III. There are officers with regular commissions and officers with reserve commissions. The former, as long as they don’t run afoul of situations 1, B, or a medical discharge, can pretty much stay in for 30 years if they want. Reserve officers can serve on active duty for 20 and MAYBE 30 years, but there’s a phrase “Exigencies of the service” which is one way of saying “We don’t want you anymore and will relieve you from active duty.” This happens with reserve officers who have reached their level of incompetence. They may or may not help this officer find a reserve unit.

He was commissioned, he resigned or transferred to the reserve, then TRIED college and, one assumes, failed to get a bachelor’s degree, then then went back into the Corps as a major? This sounds fishy to me. Sorry, usedtobe, I’m not calling you a liar; I figure you’re just retelling what you were told.

I have a gamer buddy who is a Major in the National Guard. When the promotion boards came out this last spring, around his 19 year mark, and he didn’t get Lt.Col, that was pretty much it. He’s working on his exit now. His last working day will be sometime this fall, but with accumulated vacation and other stuff, it will carry him into the spring.

was that flintlock muskets and rifles light a fire right under your nose! :slight_smile: Blinking your eyes and jerking your head away from such a thing, at such a distance, is perfectly natural. In the 1700-1800’s, lmost nobody had the funds to do the sort of practice firing that became commonplace in the US since WW2

Ive seen documentaries of Nam and WACO, Tx wherein guys just held M16a’s above their heads (in foxholes) or around the side of cover and emptied the mag in the general direction of the enemy, mag after mag after mag. No attempt was made to see anything and they were often hitting their own men with richochets.

You know I recall a WWII vet’s reply to Marshall. He said "what a load of horseshit. Does he think we clubbed the Germans to death? "

Yep.

In Vietnam, a platoon of green troops would head into the jungle and wander around for a while. One of them would hear a noise, pop off a couple rounds in the direction of the noise, and moments later the entire platoon is blasting away and emptying their rifles in the same direction. Shortly thereafter, you’ve got a platoon of green troops stuck deep in the jungle with no ammo.

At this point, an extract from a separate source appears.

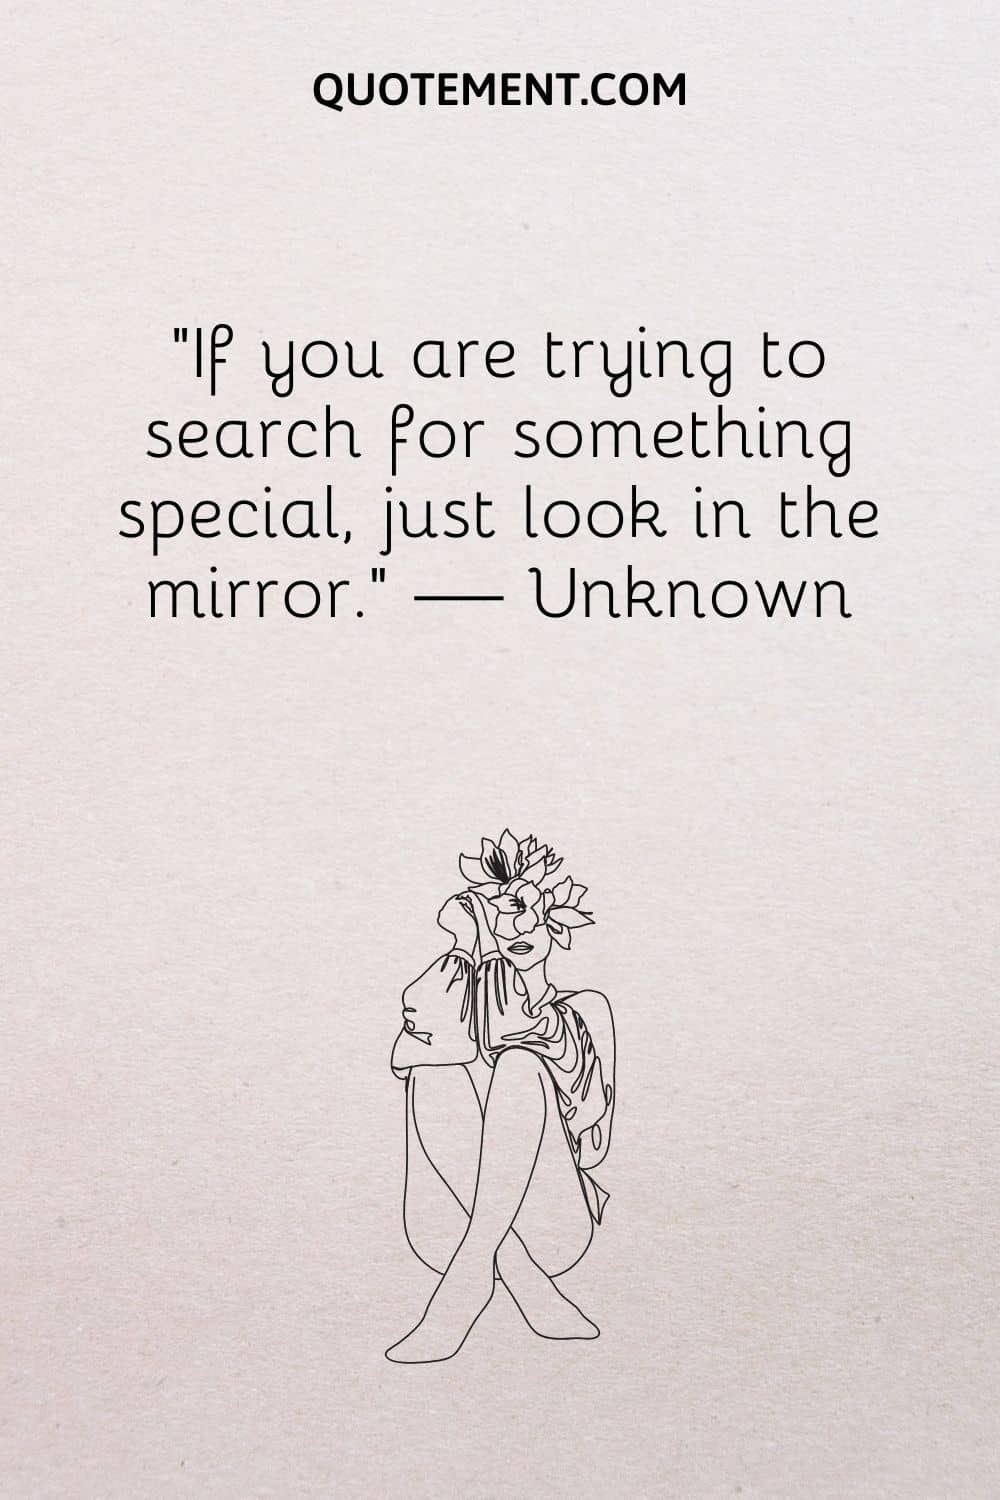 If you are trying to search for something special, just look in the mirror.

It wasn’t anything that happened deliberately. It’s just a well-known fact that green troops will spray the air in front of them in the hopes that “putting up a wall of lead” will deter or kill anything about to come running at them from the jungle. Thus, with foot patrols of that sort, the most important duty of the platoon commander and sergeants is to enforce “fire discipline” and slow down the rate of fire. You see it all the time in old war movies; the troops start blasting away at anything or nothing and the sergeant is running around yelling “Cease fire!” Then comes the next scene where they’re low on ammo and sharing the few remaining rounds while trying to send back a runner for more ammo.

Again, it’s nothing planned or deliberate. It’s just what green troops do. It results in lots of rounds fired with few resulting casualties.

The problem has become less urgent with desert warfare, where troops tend to patrol in vehicles and unlimited amounts of ammo can be carried along. (Then you have problems like troops melting their barrels from overuse.)